Demographics, disease severity, haemodynamic variables, and the type and anatomical site of the underlying infection were similar in the control and fuzzy groups (Table 1).
Table 1.
Variable | Control group (n = 20) | Fuzzy group (n = 19) |
Age (years) | 66 ± 12 | 64 ± 12 |
Male sex | 70% | 58% |
Weight (kg) | 67 ± 15 | 71 ± 14 |
Prior or coexisting conditions | ||
Chronic obstructive pulmonary disease | 40% | 37% |
Congestive cardiomyopathy | 0% | 5% |
Diabetes | 10% | 5% |
Liver disease | 2% | 0% |
Chronic renal failure | 0% | 0% |
Cancer | 30% | 26% |
Activity limitation (A/B/C/D)a | 3/8/7/2 | 4/10/5/0 |
McCabe classification (1/2/3)b | 10/6/4 | 12/4/3 |
Recent surgical history | 20% | 16% |
Disease severity | ||
Temperature (°C) | 36.8 ± 1.8 | 37.7 ± 1.5 |
Heart rate (beats/minute) | 119 ± 26 | 103 ± 27 |
Systolic blood pressure (mmHg) | 84 ± 14 | 80 ± 22 |
Mean blood pressure (mmHg) | 61 ± 12 | 59 ± 16 |
White cell count (/mm3) | 16,100 ± 8,800 | 17,600 ± 12,000 |
Platelet (× 103/μl) | 263 ± 198 | 262 ± 138 |
Haematocrit (%) | 30 ± 7 | 32 ± 6 |
Blood urea nitrogen (mmol/l) | 10.3 ± 6.3 | 10.4 ± 6.2 |
Creatinine (μmol/l) | 113 ± 70 | 136 ± 88 |
Total bilirubin (μmol/l) | 12.3 | 15.5 |
Lactate (mmol/l) | 2.5 ± 2.1 | 2.0 ± 0.8 |
PaO2/FiO2 (mmHg) | 166 ± 81 | 181 ± 93 |
Arterial pH | 7.28 ± 0.14 | 7.31 ± 0.09 |
SAPS II scale | 62 ± 23 | 58 ± 16 |
Initial SOFA score | 11.0 ± 2.5 | 11.2 ± 3.3 |
Norepinephrine infusion at the time of randomization (μg/kg per minute) | 0.6 ± 0.4 | 0.8 ± 0.4 |
Site of infectionc | ||
Lung | 75% | 63% |
Abdomen | 25% | 10% |
Urinary tract | 5% | 15% |
Other | 5% | 10% |
Bacterial pathogen staining | ||
Gram-negative | 40% | 58% |
Gram-positive | 25% | 10% |
Unconfirmed | 35% | 32% |
Values are expressed as number, percentage or mean ± standard deviation. Percentages may not total 100 because of rounding. aLevels of activity were defined as follows (Knaus Chronic Health Status score): A = prior good health, no functional limitations; B = mild to moderate limitation of activity because of a chronic medical problem; C = chronic disease producing serious but not incapacitating limitation of activity; and D = severe restriction of activity due to disease, includes persons bedridden or institutionalized due to illness. bMcCabe classification: 1 = nonfatal disease; 2 = ultimately fatal disease; and 3 = rapidly fatal disease. cThe site of infection was either documented or presumed on the basis of clinical findings. PaO2/FiO2, arterial oxygen tension/fractional inspuired oxygen ratio; SAPS, Simplified Acute Physiology Score; SOFA, Sequential Organ Failure Assessment.

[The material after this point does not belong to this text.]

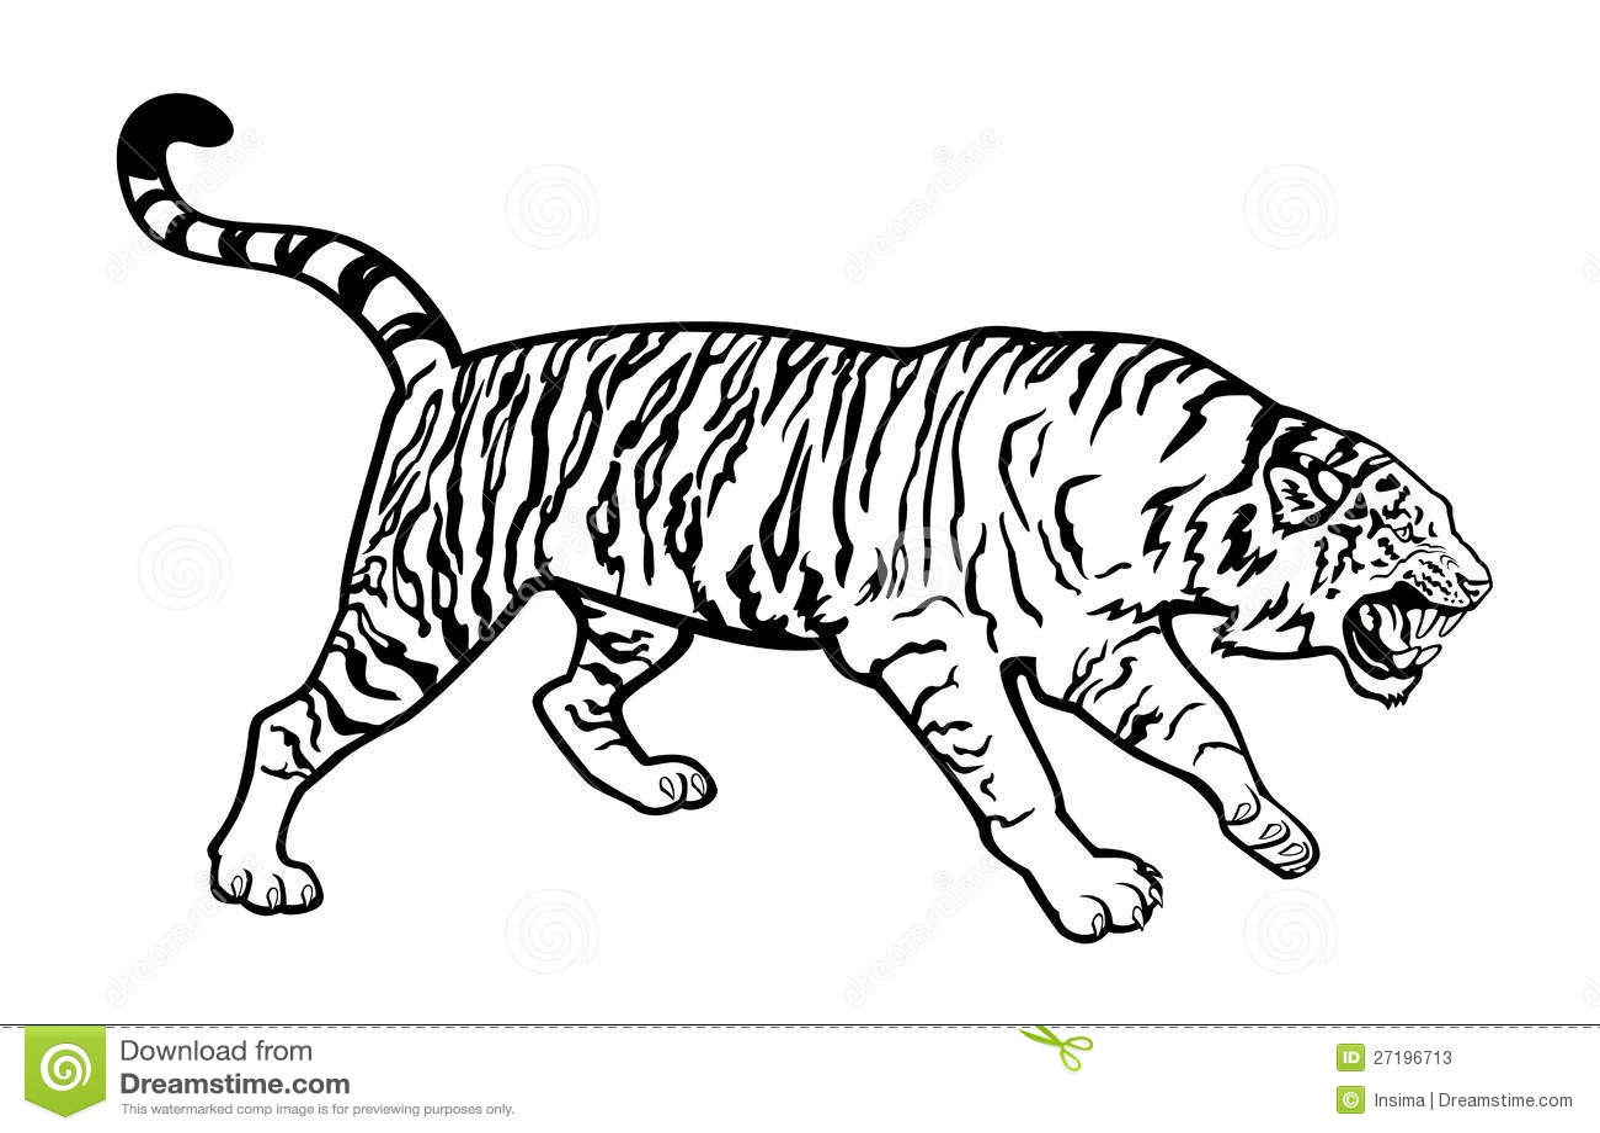 tiger schwarzweiss vektor abbildung illustration von bild 27196713. Black Bedroom Furniture Sets. Home Design Ideas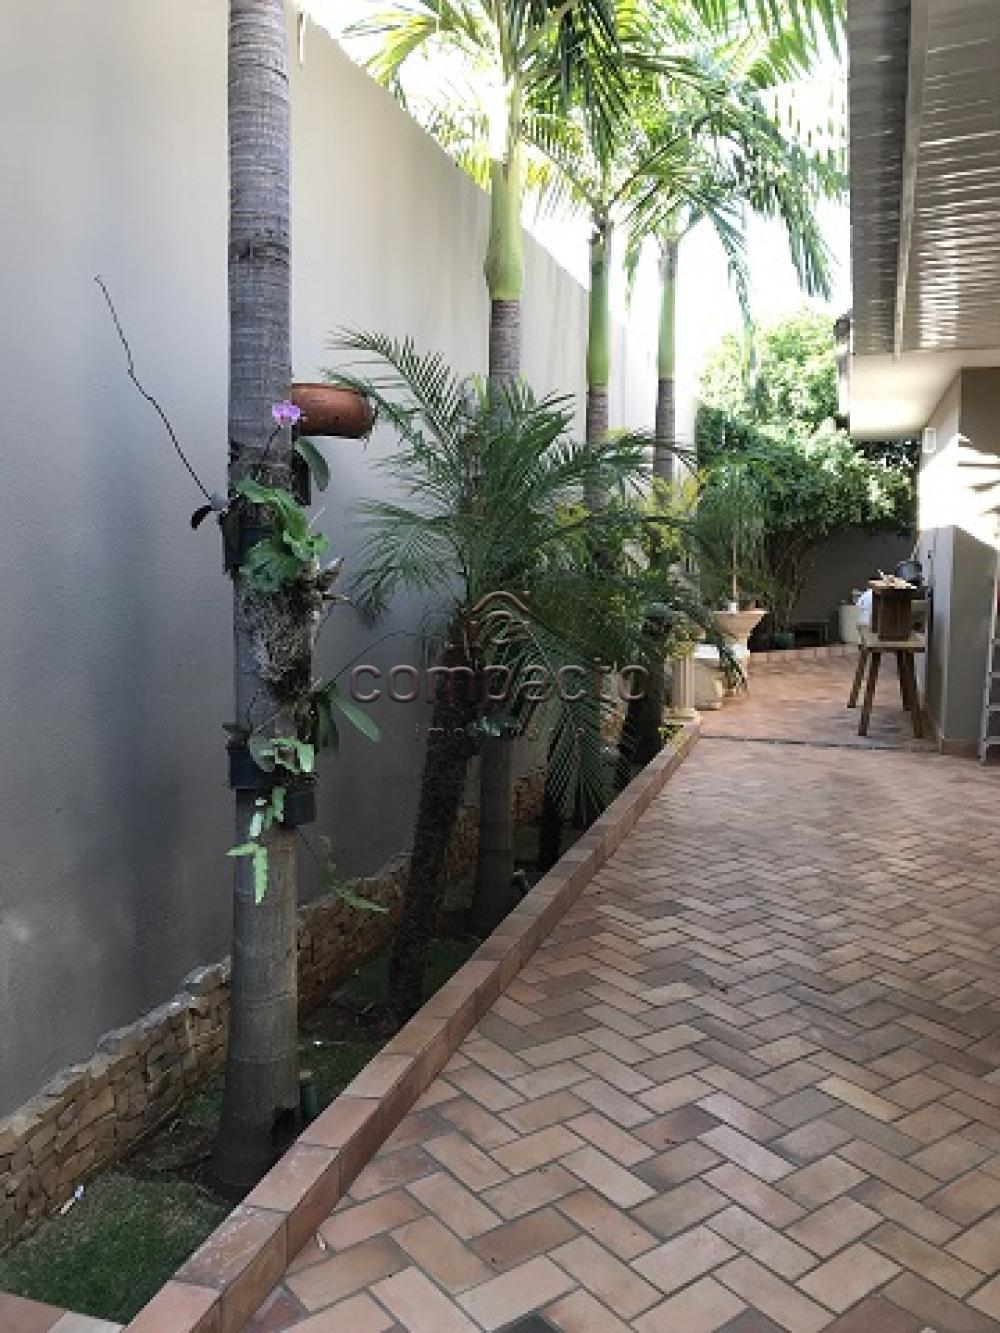 Comprar Casa / Padrão em São José do Rio Preto apenas R$ 850.000,00 - Foto 24

Four patients received dobutamine (no significant difference between the two groups) and one patient received epinephrine after randomization. There was no difference in crystalloid/colloid infusion volumes during the period of shock between the two groups.
End-points
Weaning of norepinephrine was achieved in 18 of the 20 control patients and in all 19 fuzzy group patients. Duration of shock was significantly shorter (P < 0.001) in the fuzzy group than in the control group (Figure 2). The median time of vasopressor support was 28.5 hours (interquartile range = 20.5 to 42 hours) in the fuzzy group and 57.5 hours (interquartile range = 43.7 to 117.5 hours) in the control group. Two control group patients (5.1%) died before norepinephrine weaning was completed (no significant difference between groups), corresponding to the weaning failures. There was no significant difference in duration of mechanical ventilation between the two groups (Table 2). The total amount of norepinephrine infused was significantly lower in the fuzzy group than in the control group (Table 2).
Table 2.
Measure | Control group (n = 20) | Fuzzy group (n = 19) | P |
Shock duration (hours) | 57.5 (43.7–117.5) | 28.5 (20.5–42) | <0.0001 |
Weaning failure (%) | 2 (10) | 0 (0) | 0.49 |
Mortality at 28 days (%) | 7 (37) | 7 (35) | 0.80 |
Mechanical ventilation (days) | 20 (11–32) | 15 (7–38) | 0.96 |
ICU-free days at day 28 | 7 (0–18) | 3 (0–17) | 0.74 |
Total norepinephrine infuseda (μg/kg) | 1.4 (0.6–2.7) | 0.6 (0.2–1.0) | <0.01 |
Crystalloid/colloida (ml) | 8750 (6000–14000) | 6000 (3275–7512) | 0.47 |
Values are expressed as median (interquartile range). aTotal amount administered during shock. ICU, intensive care unit.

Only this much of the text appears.